Given material:
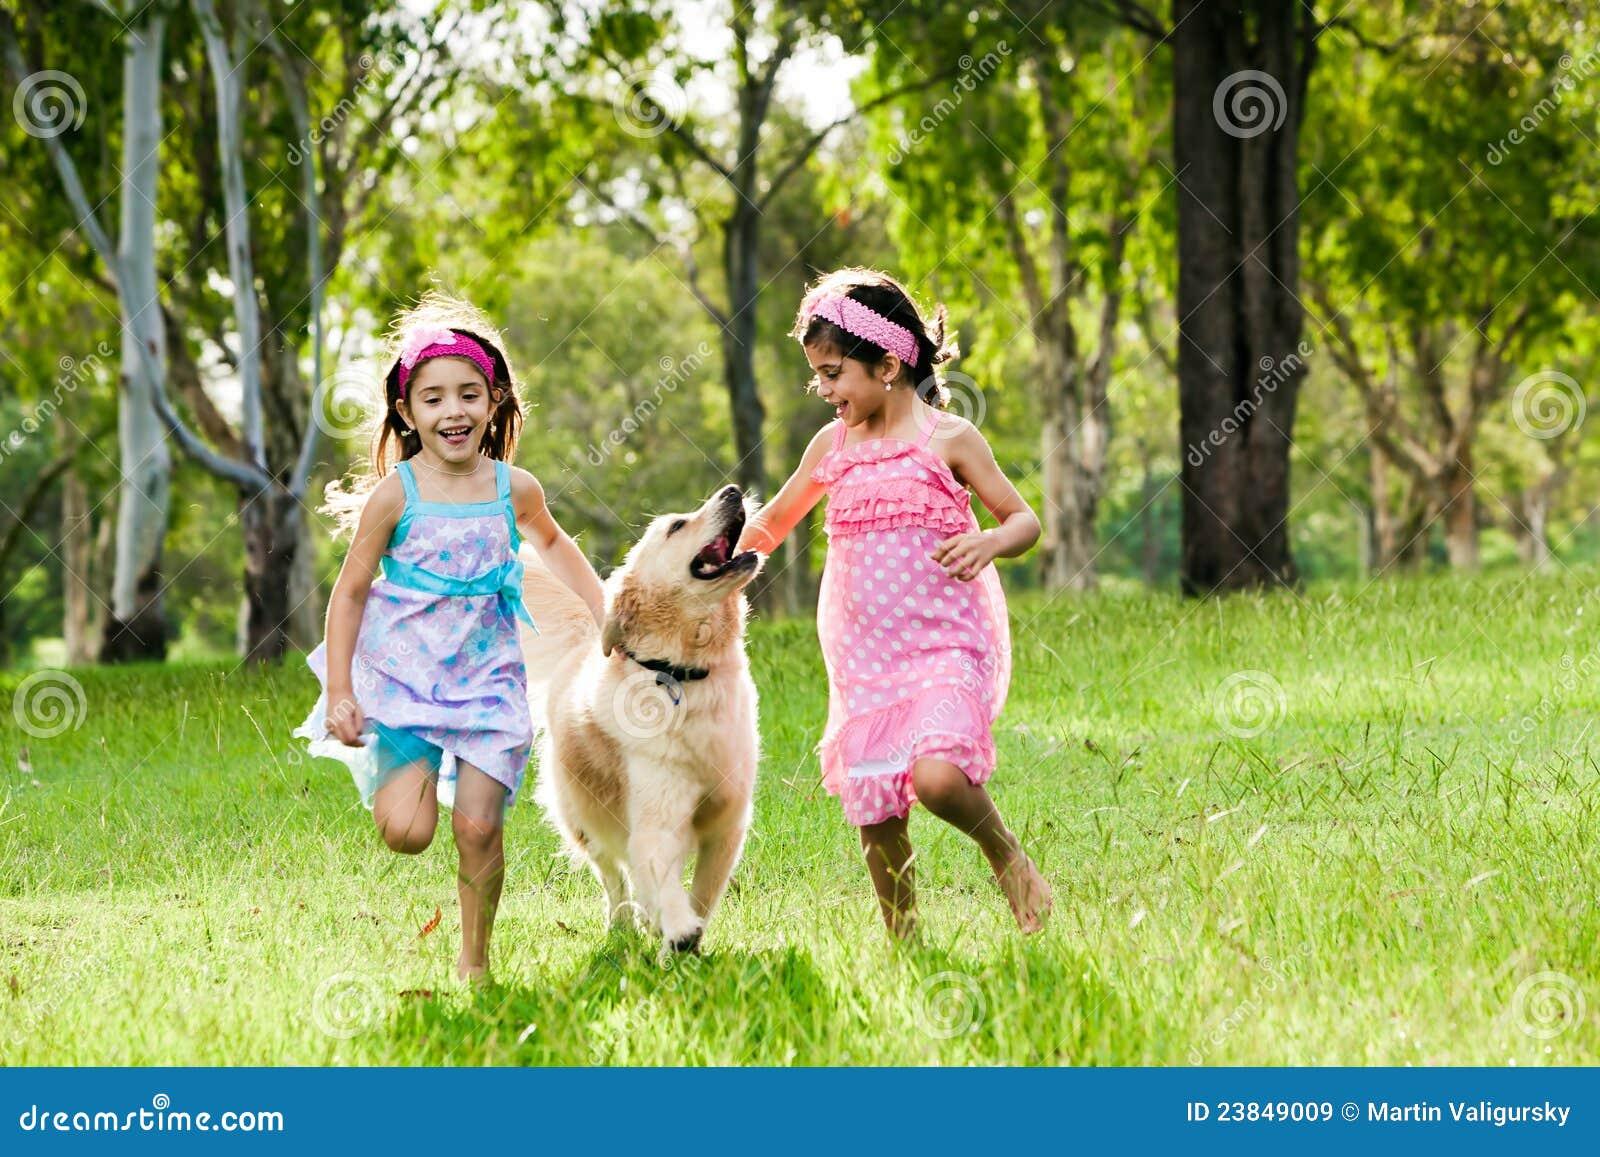 Zwei junge Mädchen, die mit goldenem Apportierhund laufen
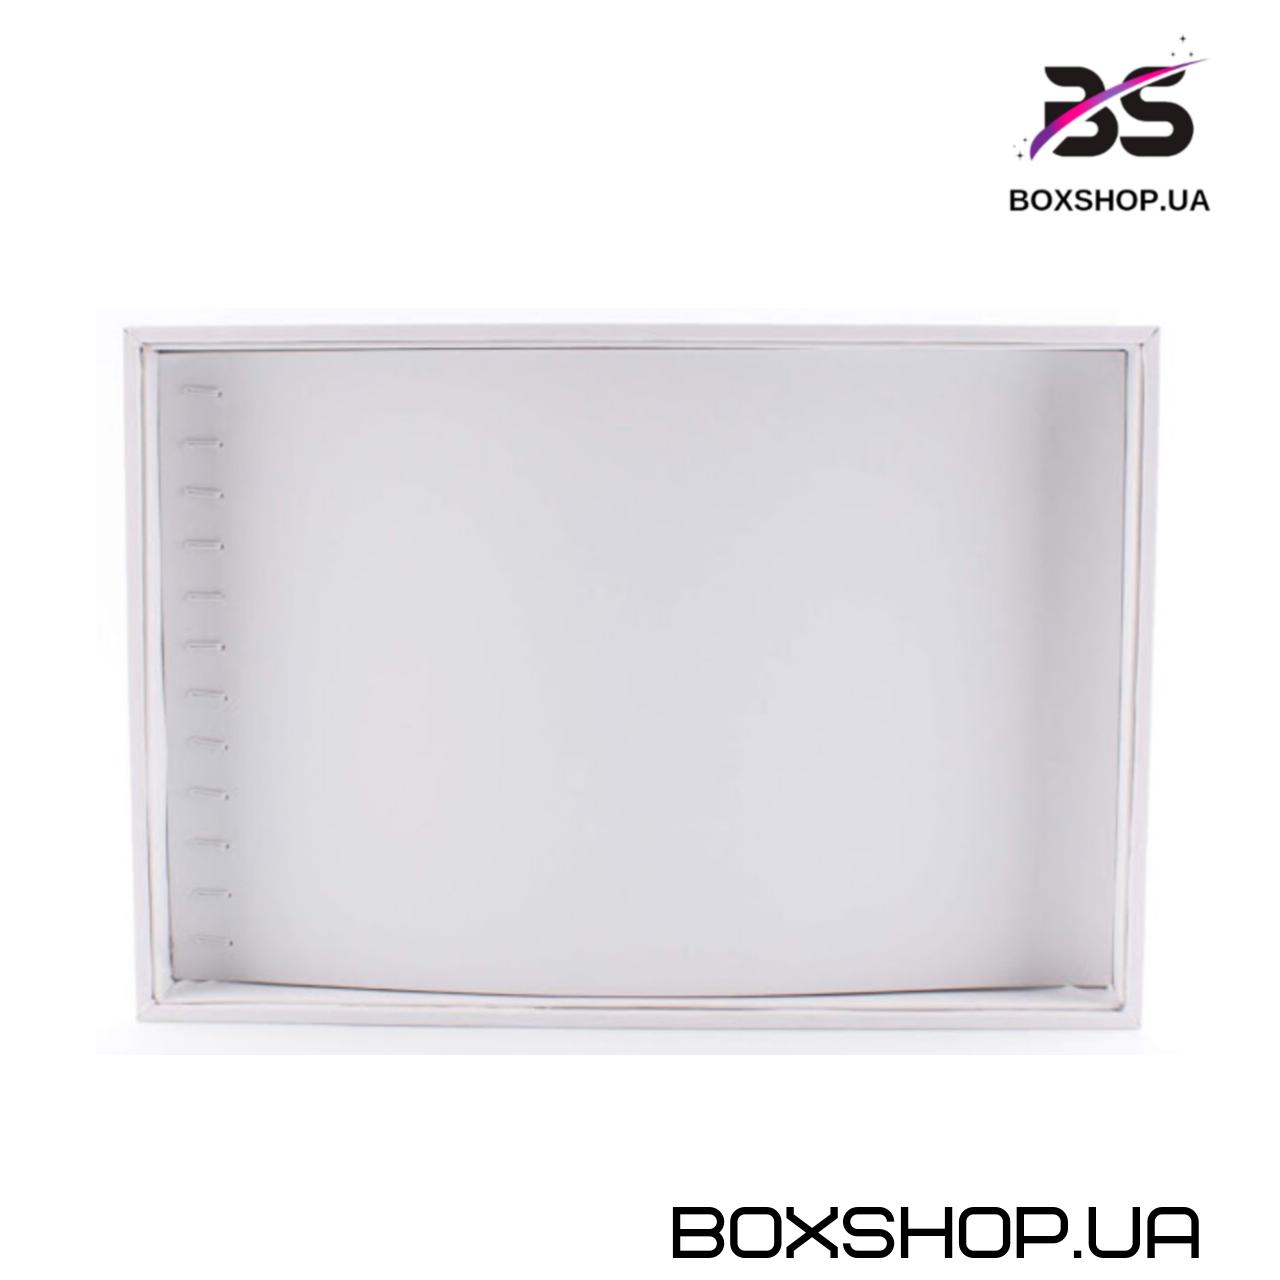 Ювелирный планшет BOXSHOP - 1021840389
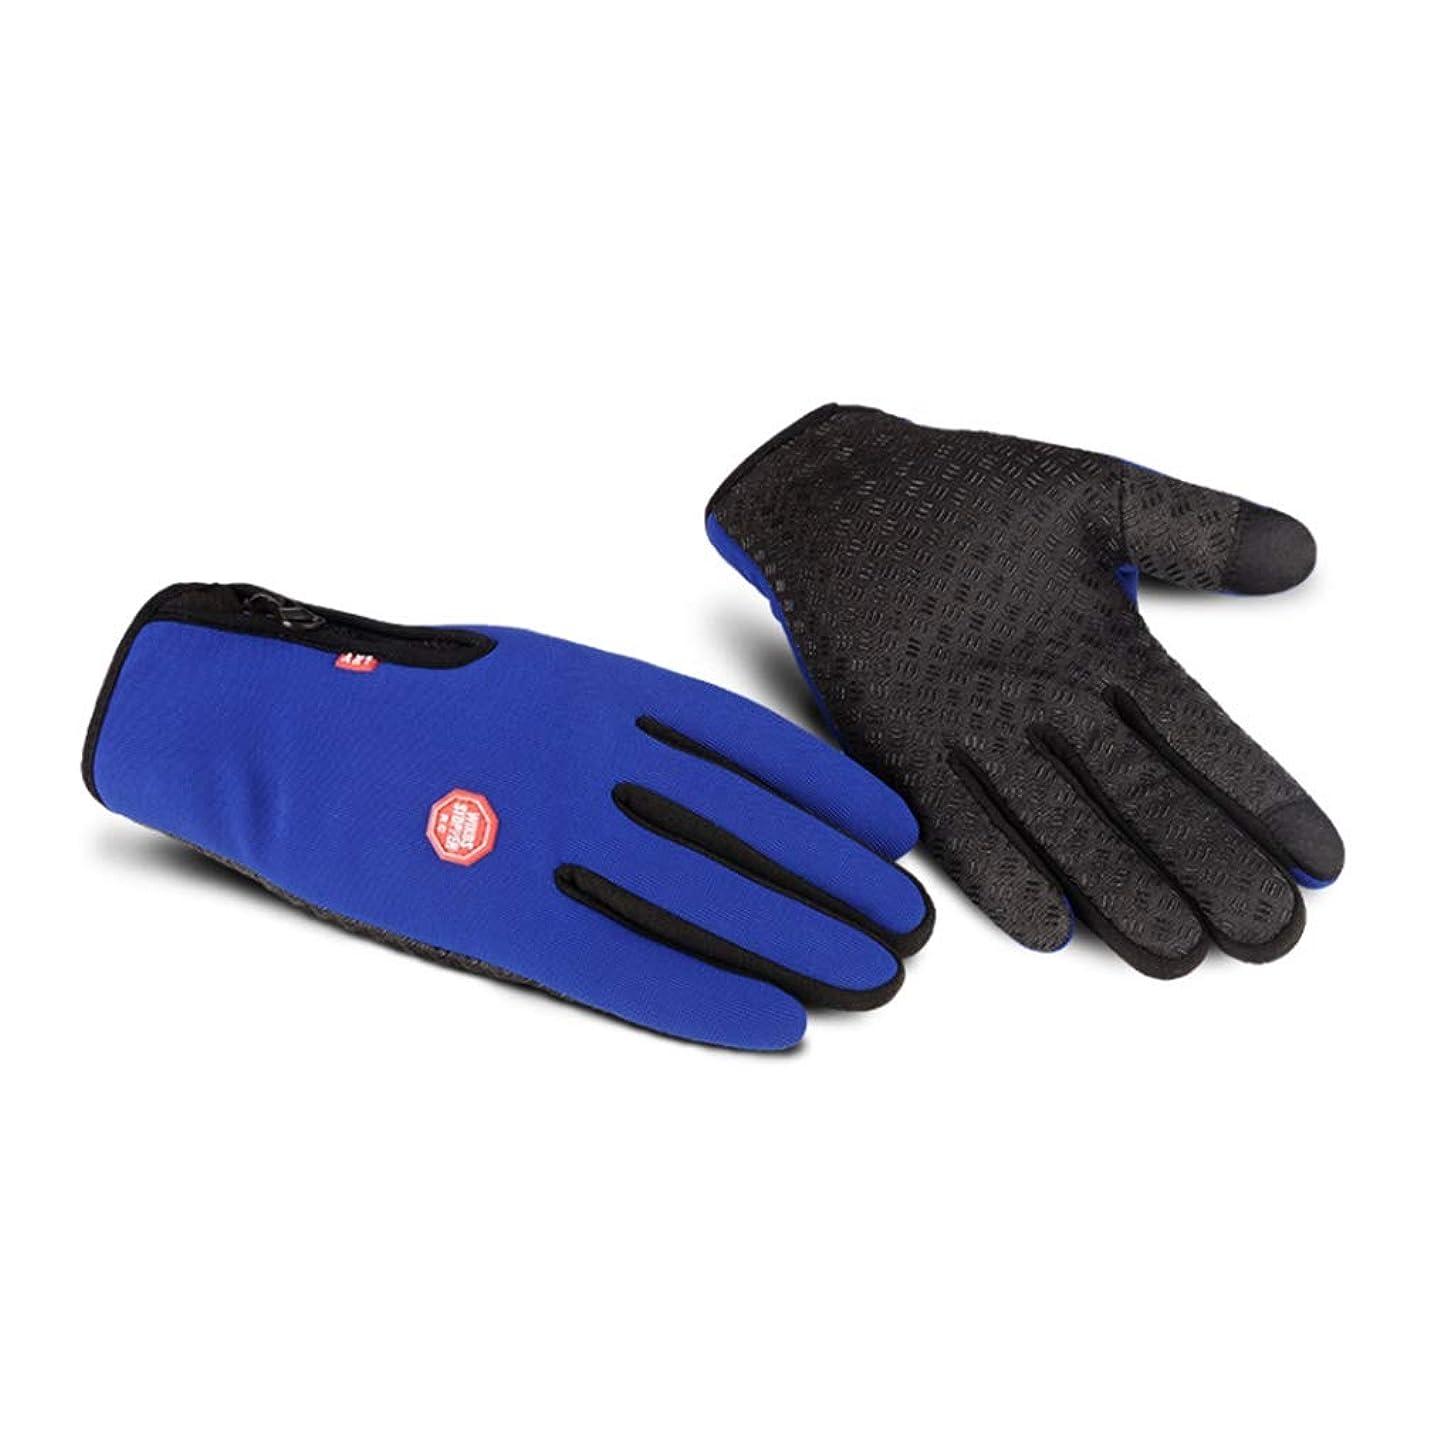 羨望鳴り響くピクニックをする手袋の男性の秋と冬の自転車電動バイクの女性のタッチスクリーンはすべて防風ノンスリップ暖かい冬のコールドプラスベルベット弾性手袋を意味する (色 : 青)

Your instructions:
Without the pictures, transcribe the listing exactly as it stands.

Exercise response:
 Zwei junge Mädchen, die mit goldenem Apportierhund laufen
 Ювелирный планшет BOXSHOP - 1021840389
 羨望鳴り響くピクニックをする手袋の男性の秋と冬の自転車電動バイクの女性のタッチスクリーンはすべて防風ノンスリップ暖かい冬のコールドプラスベルベット弾性手袋を意味する (色 : 青)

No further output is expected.